Exercise data ▸
________________________________________
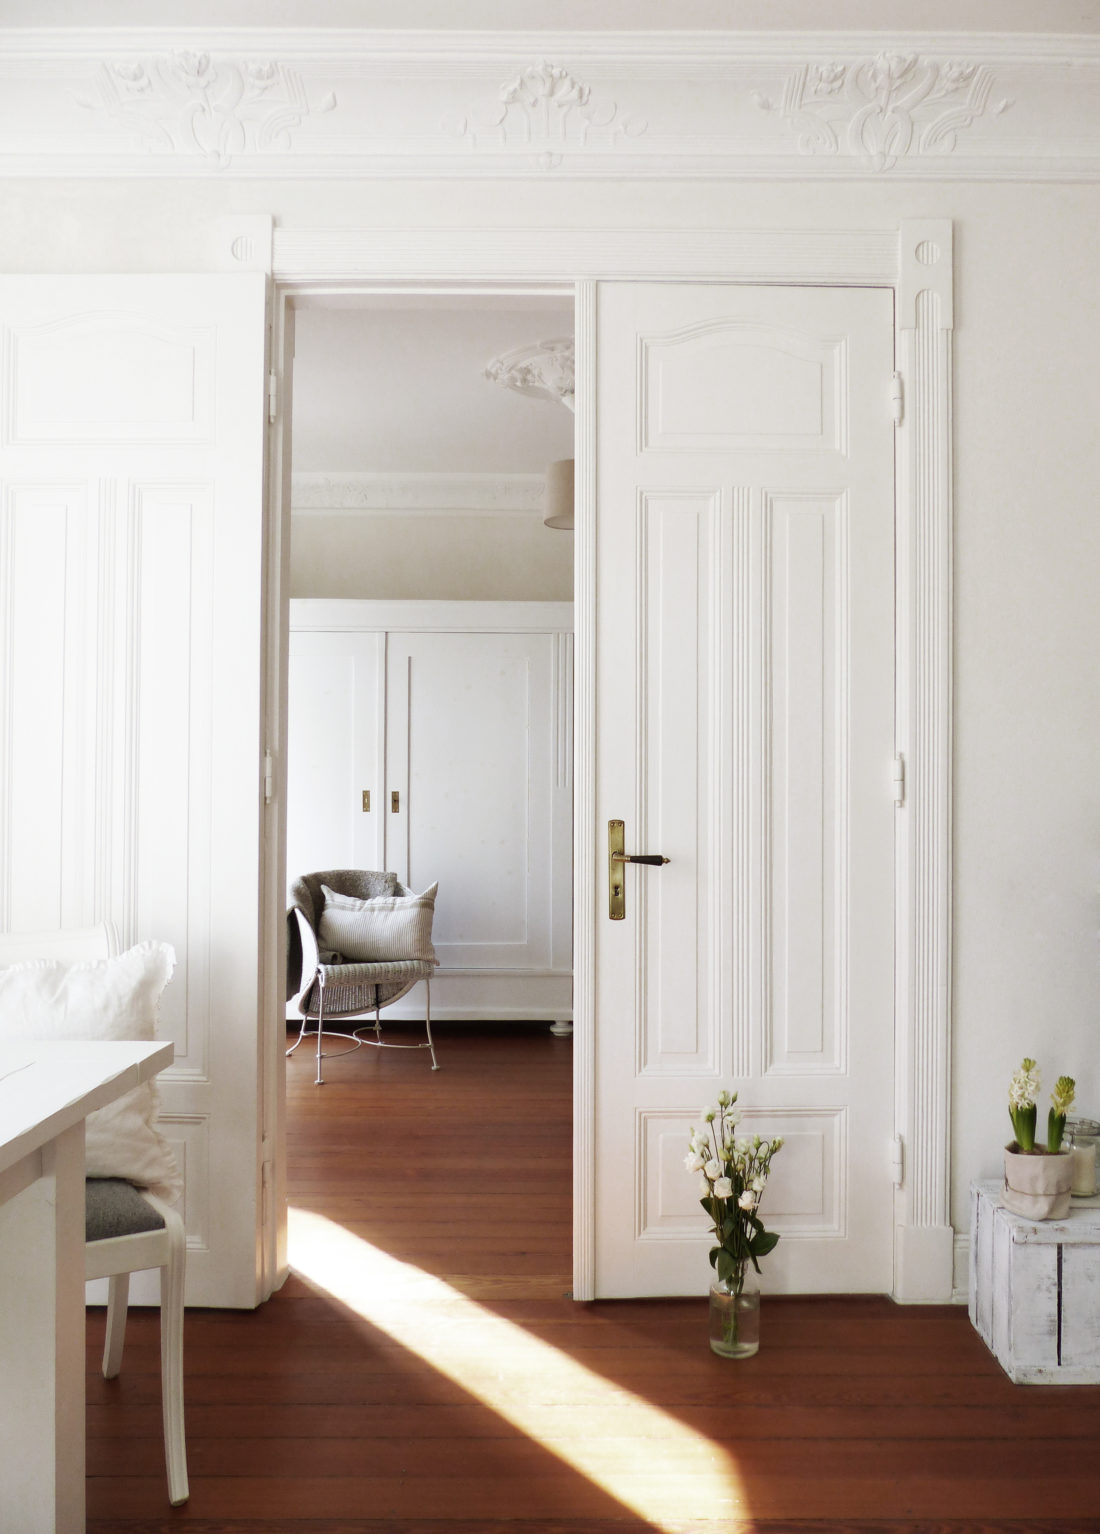 Mit Welchen Einfachen Tricks Räume Größer Wirken Lundkvist Home
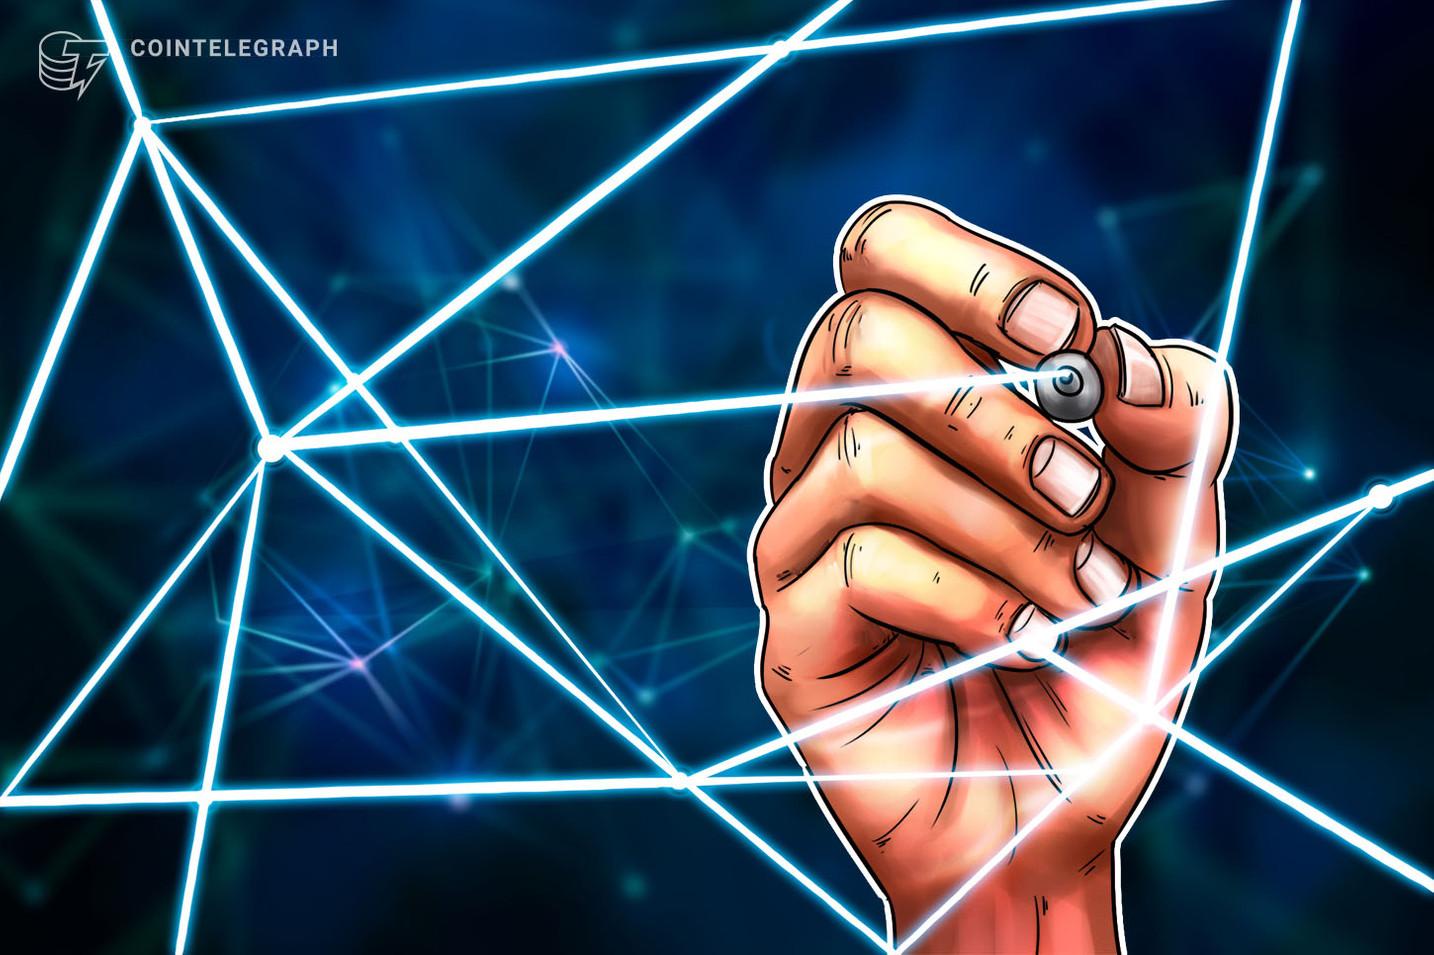 El regulador financiero australiano prueba la blockchain para automatizar las instrucciones de transferencia de fondos
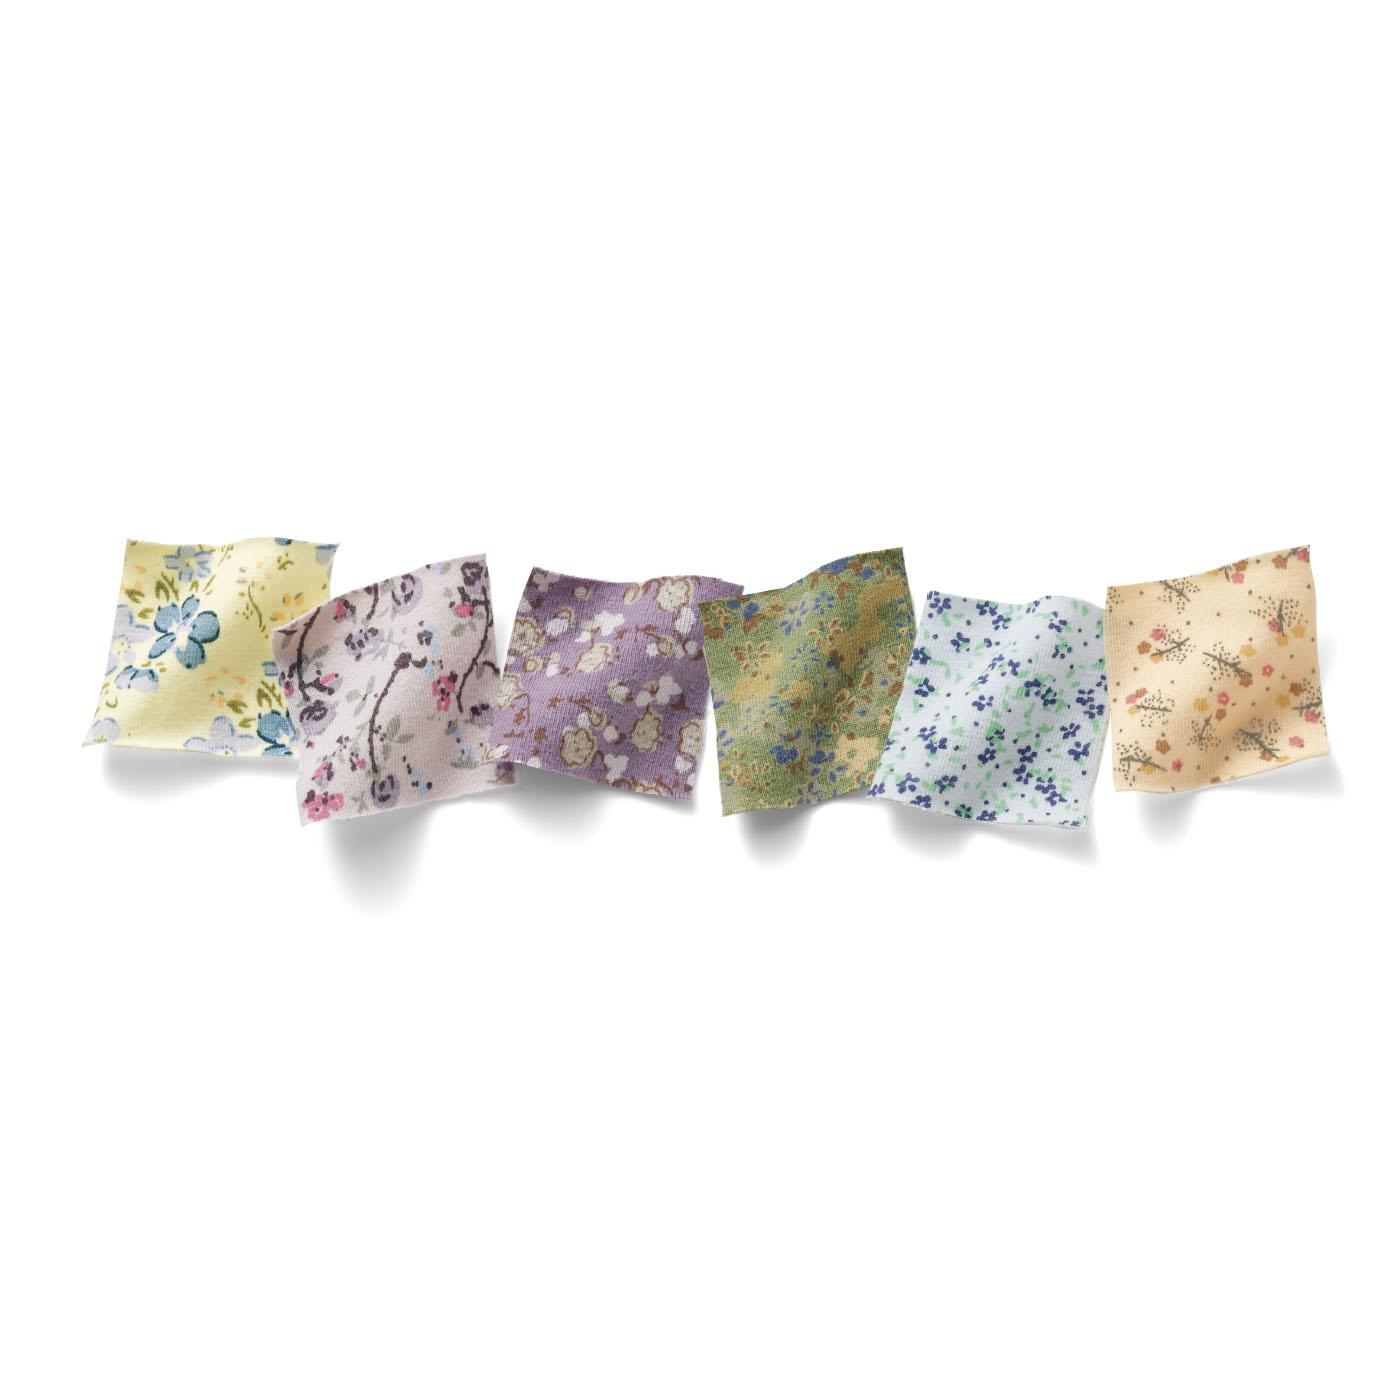 ※「小花柄タンクトップ」と「小花柄ショーツ(409325)」を同時にお申し込みの場合、おそろいの色柄でお届けします。
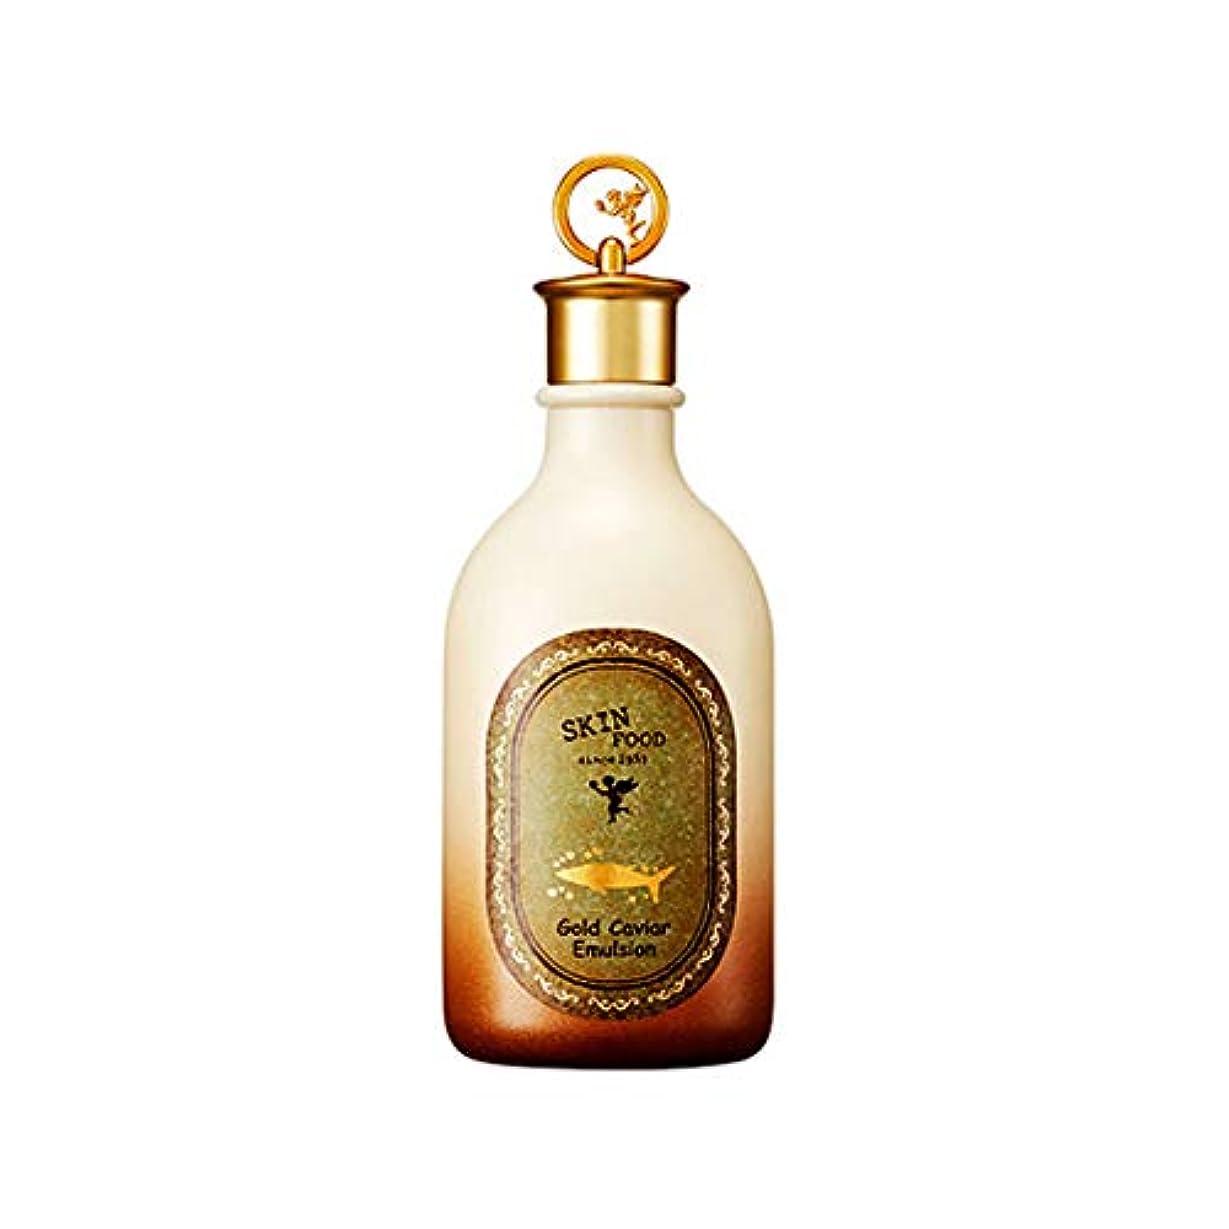 大きさアクセシブル一Skinfood ゴールドキャビアエマルジョン(しわケア) / Gold Caviar Emulsion (Wrinkle care) 145ml [並行輸入品]
________________________________________
Your goal ▸ All of the data needs repeating exactly, but the pictures do not.

Output for this exercise ▸
 Mit Welchen Einfachen Tricks Räume Größer Wirken Lundkvist Home
 El regulador financiero australiano prueba la blockchain para automatizar las instrucciones de transferencia de fondos
 ※「小花柄タンクトップ」と「小花柄ショーツ(409325)」を同時にお申し込みの場合、おそろいの色柄でお届けします。
 大きさアクセシブル一Skinfood ゴールドキャビアエマルジョン(しわケア) / Gold Caviar Emulsion (Wrinkle care) 145ml [並行輸入品]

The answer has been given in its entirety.